- Born: Robert Hudson Backus July 11, 1926 Boston, Massachusetts
- Died: June 30, 1999 (aged 72) Boston, Massachusetts
- Education: Tufts University
- Occupations: Track and field athlete

= Bob Backus =

American hammer thrower

Robert ("Bob") Hudson Backus (July 11, 1926 – June 30, 1999) was an American track and field athlete who set world records in the hammer throw. He wore ballet slippers during competition and after using weight training to overcome the effects of meningitis.
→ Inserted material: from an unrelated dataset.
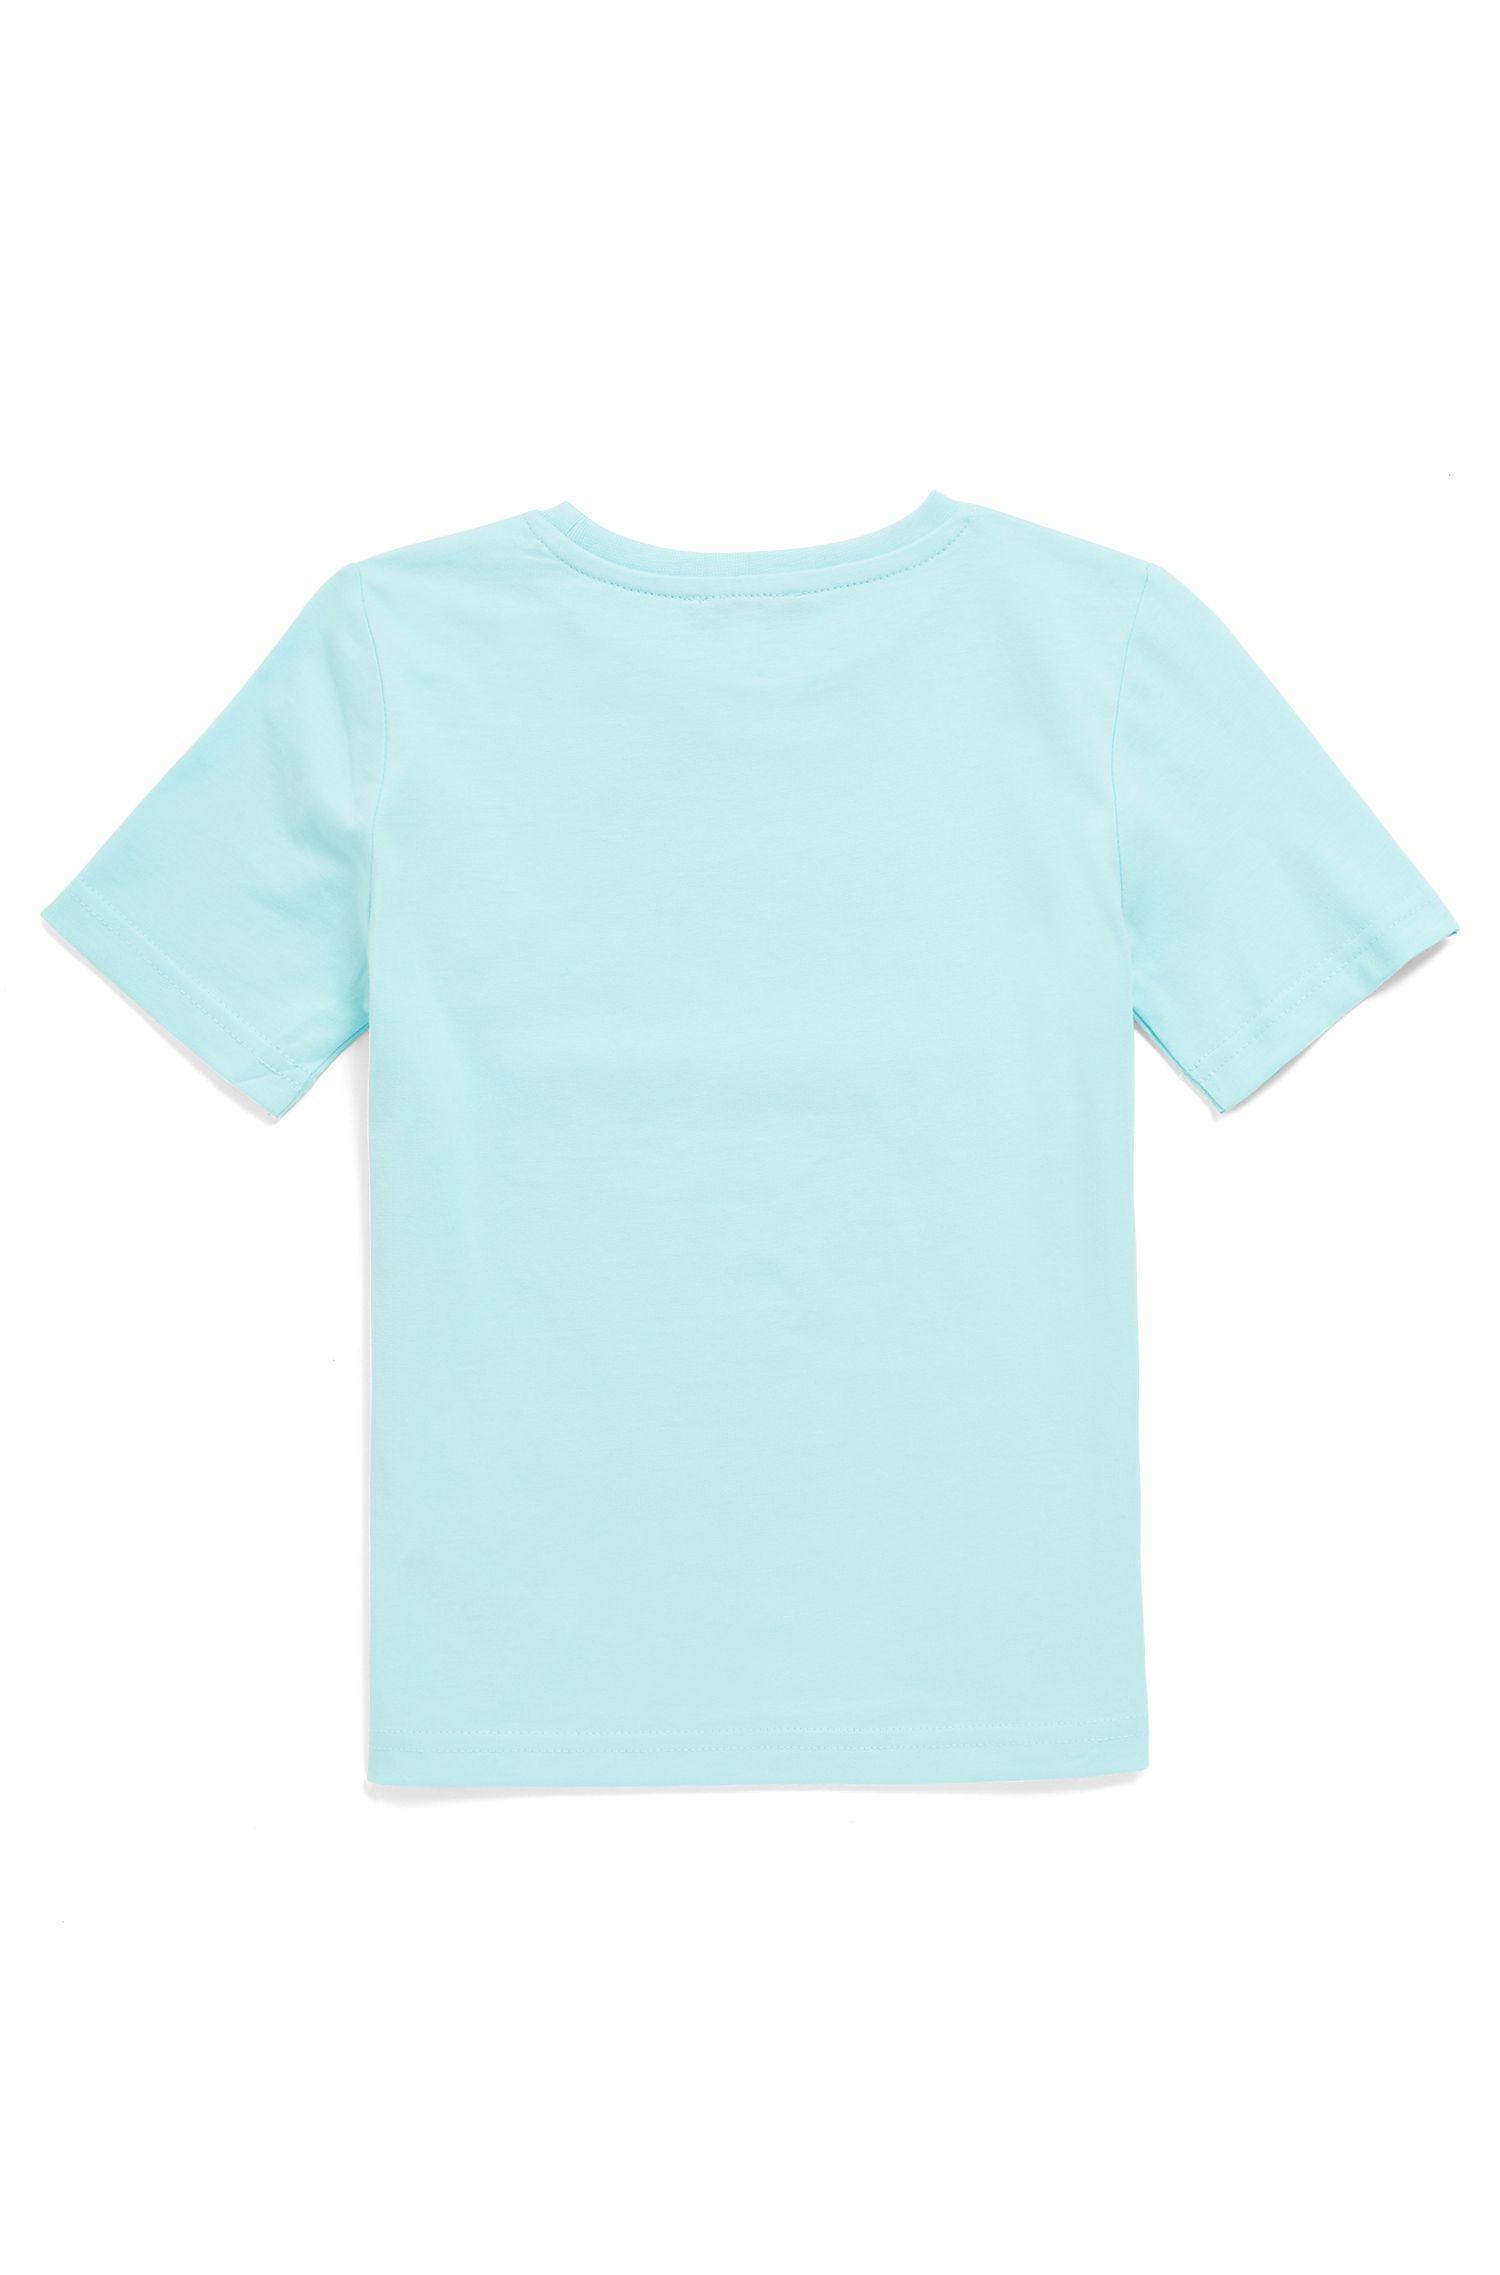 T-shirt à manches courtes en coton à logo imprimé, pour enfant, Bleu vif

Backus was born on July 11, 1926, in Boston. At 6 feet, 5 inches in height and 160 pounds, Backus was rejected by the United States Army Air Forces' cadet program as he was deemed too thin. As part of his efforts to recover from spinal meningitis, Backus took up weight training and bulked up into a 290-pound strongman, despite concerns that such training would make him "musclebound".

He attended Tufts University, where he started weight throwing, participating in the 16-pound hammer throw outdoors, and the 35 and 56 pound events indoors. Backus was inducted to the Tufts University's Hall of Fame. Because no footwear had yet been developed for the sport, Backus wore ballet shoes.

Backus set a world record and career best of 45 feet 2 inches in the 56-pound throw at the New York Athletic Club's annual spring games, held on June 8, 1957, in Pelham Manor, New York, setting a record that broke a record he had previously set, adding another foot to the world mark. He also set a record in February 1959 for the 35-pound weight with a distance of 66 feet 2¾ inches, one of five world records set at the Amateur Athletic Union's national indoor track and field championships at Madison Square Garden. He won U.S. titles in the 56-pound event each of the seven years from 1953 to 1959 and won seven out of eight years from 1954 to 1961 in the 35-pound throw.

He won the American title in the hammer throw in 1954 and won a gold medal in the event at the 1955 Pan American Games in Mexico City. He competed in the event at the 1952 Summer Olympics, finishing in 13th place.

July 1971 Backus (M40) competed at the 4th Annual Masters Outdoor National Championship placing 2nd to Howard Payne in the HT. March 1975 Backus (M45) competed in the Annual Masters Indoor National Championship and winning the WT. Backus held American Masters M45 and M50 Indoor Weight Throw Records (1976 and 1977). Backus held the American Masters M50 16-Lb Hammer Throw Record in 1977. Backus held the World Masters M55 16-Lb Hammer Throw Record in 1981. In February 1978, a 51-year-old Backus came in second in an otherwise uneventful 35-pound weight throw at the Open AAU National Indoor Championship held at Madison Square Garden.

Backus died at age 72 on June 30, 1999, at Boston's Vencor Hospital, having suffered a stroke in December 1998 and been in poor health for several years before his death. His first marriage, to Elsa Torikka of Finland, who he had met at the 1952 Summer Olympics in Helsinki where she had competed in the javelin, ended in divorce.